After reading J.D. Vance’s memoir, Hillbilly Elegy, I thought about my own deep ties to Appalachia. I also dug out one of my favorite local history books, Railroad City, also known by local historians as ‘the red book.’ I have gone to this source many times when referencing local housing styles. My very early beginnings and that of my parents was in the type of homes shown on the cover of this book. Ideas for my own visual memoir began to form. I pulled out some house images that I had previously sketched and translated them into stencils for silkscreen.

My techniques for the several ‘works in progress’ shown in this post are silkscreen, stenciling, and scraping into wet fabric paint. Below is a closeup of one of the fabrics as it developed.

I printed layers and ‘ghost layers’ of houses, then scraped into the wet fabric paint with a palette knife.

Below is a closeup of one of the finished fabrics, showing the last layers. The theme here is Train Town, (although only the tracks are suggested.) No matter where we seem to move in our town, the sights and sounds of the railroad follow us.

Below is the whole fabric. Sometime during the winter it will come together as an art quilt.

This picture below shows another fabric in progress. It’s working title is Appalachian Summer. As a child, I remember walking by vacant lots overgrown with tall weeds such as teasel and sumac, as well as houses that have seen better days. These were the best places to find empty soda pop bottles….the currency of my friends and I. At that time pop bottles could be turned in at the corner store for money to buy penny candy and comic books!

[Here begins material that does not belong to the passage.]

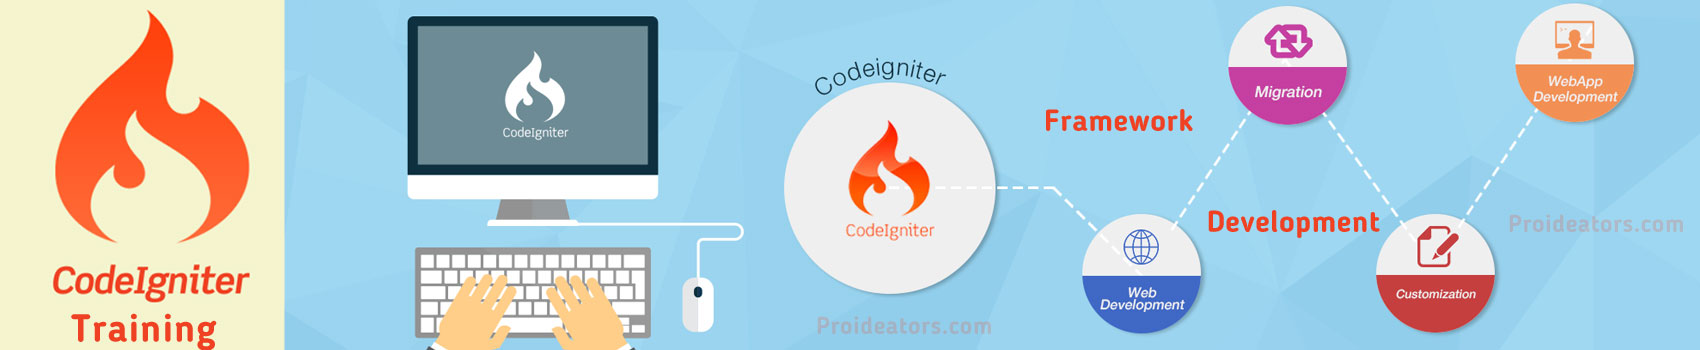 Learn Online CMS Codeigniter PHP frameworks Developer database Programming Training Course Tutorial Certification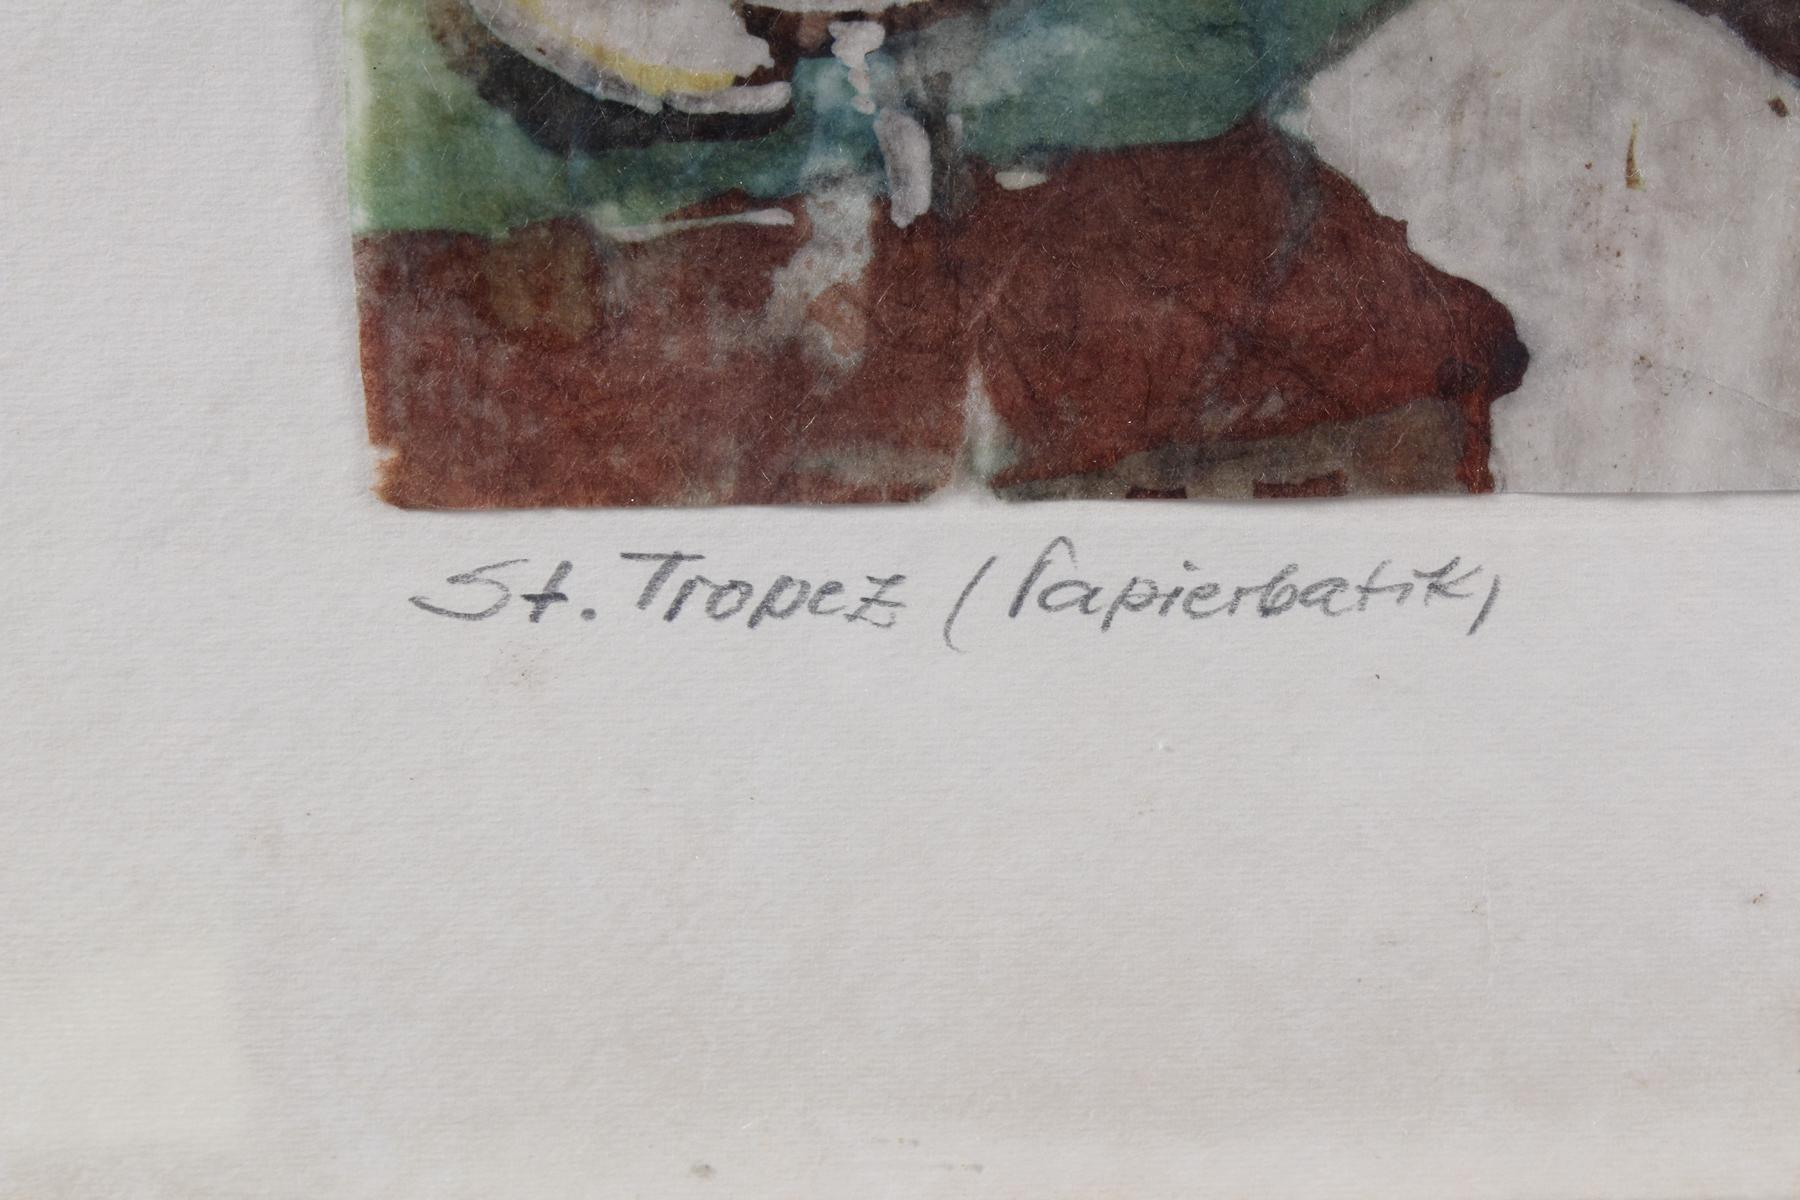 Eugen Pfeffer, St. Tropez, 1962-3

Two smaller fabrics below and some fun with negative spaces.

I can tell winter is coming closer and closer…the teasel are getting bluer and bluer!

Other fabrics are still wrapped in plastic, and curing for now. I have enough dyes and seaweed paste to make 2 more pieces of fabric this week. Then I’m looking forward to final touches and quilting over the cold days of winter. Keep the coffee coming!

9 Comments

  1. Nanette Anslinger
    November 8, 2017

    Superb work. Thanks for sharing the “in progress”. Memories of my childhood on the sidewalks and in the alleys of Altoona, as well….

    Reply
    • Sharon Wall
      November 8, 2017

      Thanks, Nanette! Glad to know someone else remembers those times and places.

      Reply
  2. Metedith
    November 8, 2017

    Wow. You sure are busy producing great stiff…what is seaweed paste? Akin to print paste?
    Can’t wait to see them on person.

    Reply
    • Sharon Wall
      November 9, 2017

      Yes, it is print paste. My students were always fascinated by the fact that the thickening powder is from seaweed….so we always called it seaweed paste.

      Reply
  3. Martha Ressler
    November 8, 2017

    These are just so neat! I love the translucent inks.

    Reply
    • Sharon Wall
      November 9, 2017

      Thanks! I like to use Versatex print ink with a lot of translucent base added.

      Reply
  4. Cathleen Gable
    November 26, 2017

    Really like these fabrics and the story of their origins. I read and enjoyed Hillbilly Elegy; the information helped me better understand why Trump was a beacon of hope to a marginalized population. Ron Howard bought the rights to the book, I’m looking forward to seeing the film.

    Reply
    • Sharon Wall
      November 27, 2017

      Thanks for your kind words. Didn’t know about Ron Howard buying the rights to the book. Will be looking forward to the movie!

      Reply
  5. Ralph Bennett
    July 26, 2018

    Literature, Art, Music….Like select elements and coal produce diamonds, these three above elements produce gems from select persons. Shine on Sharon, you talented and bituminous-like jewel. I love your work.